New home sales drop 11.2% in January
By: Danelle
New-home sales dropped an eye-popping 11.2% in January to 309,000 units, the lowest ever since they started keeping track. That was sharply below the anticipated rise to around 350,000 by Wall Street's fearless forecasters and, just to give you a glimpse of how the mighty have fallen, it's about a million and a quarter fewer sales than at the peak in the heady days of midsummer 2005.
To make matters worse, the median home sold for $203,500, almost a seven-year low, and inventories rose to 9.1 months, which, given the so-called shadow inventory of unsold houses the banks are sitting on, does not, to put it mildly, bode well for housing in general and the home builders in particular. Nor does the sharp decline in mortgage applications and the uptick on 30-year mortgage rates to over 5%.

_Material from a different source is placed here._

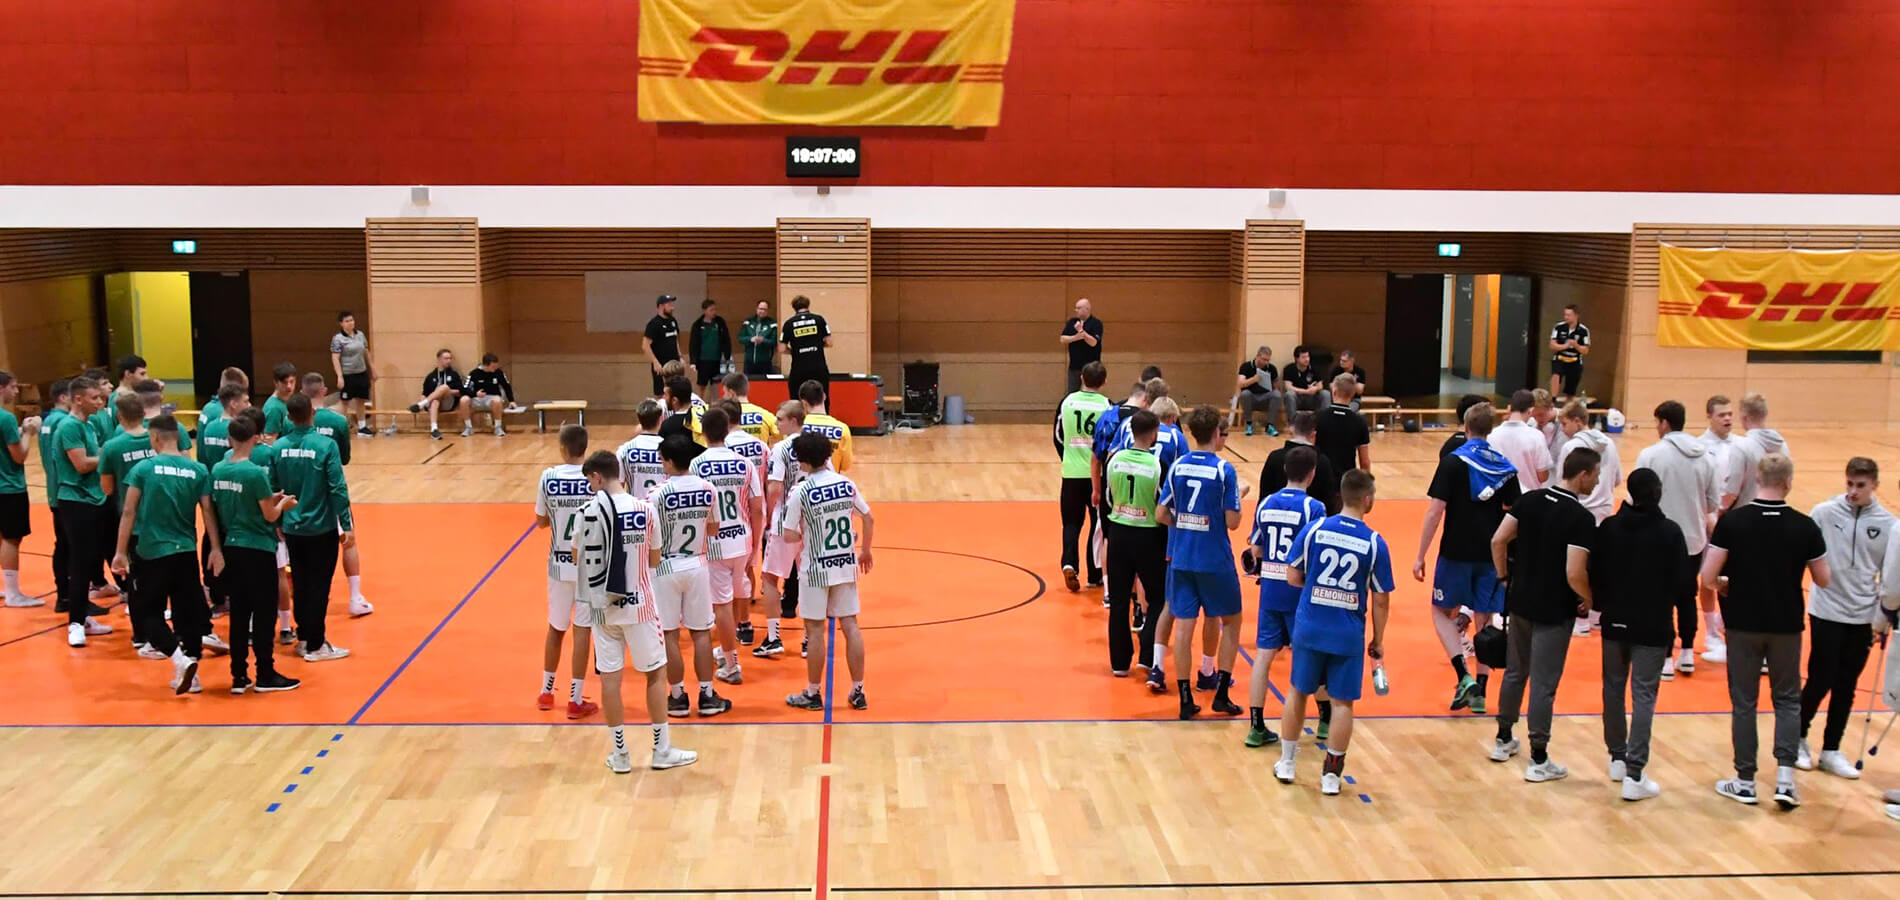 Viele Teams in einer Halle

Existing-home sales took a dive in January as well, to an annual rate of 5.05 million, a 7% drop and quite a cut below Wall Street expectations of 5.5 million. That was the second-biggest decline (after December's awesome 16.2% skid) in the 11 years such data have been collected. The median price held level with a year ago at $164,700, but necessitous sales accounted for a formidable 38% of the total.
Obviously, for investors, home builders and distressed homeowners, the pain inflicted by limp housing won't be over until it's over. And until it is, we have trouble envisioning anything resembling a robust rebound by the economy.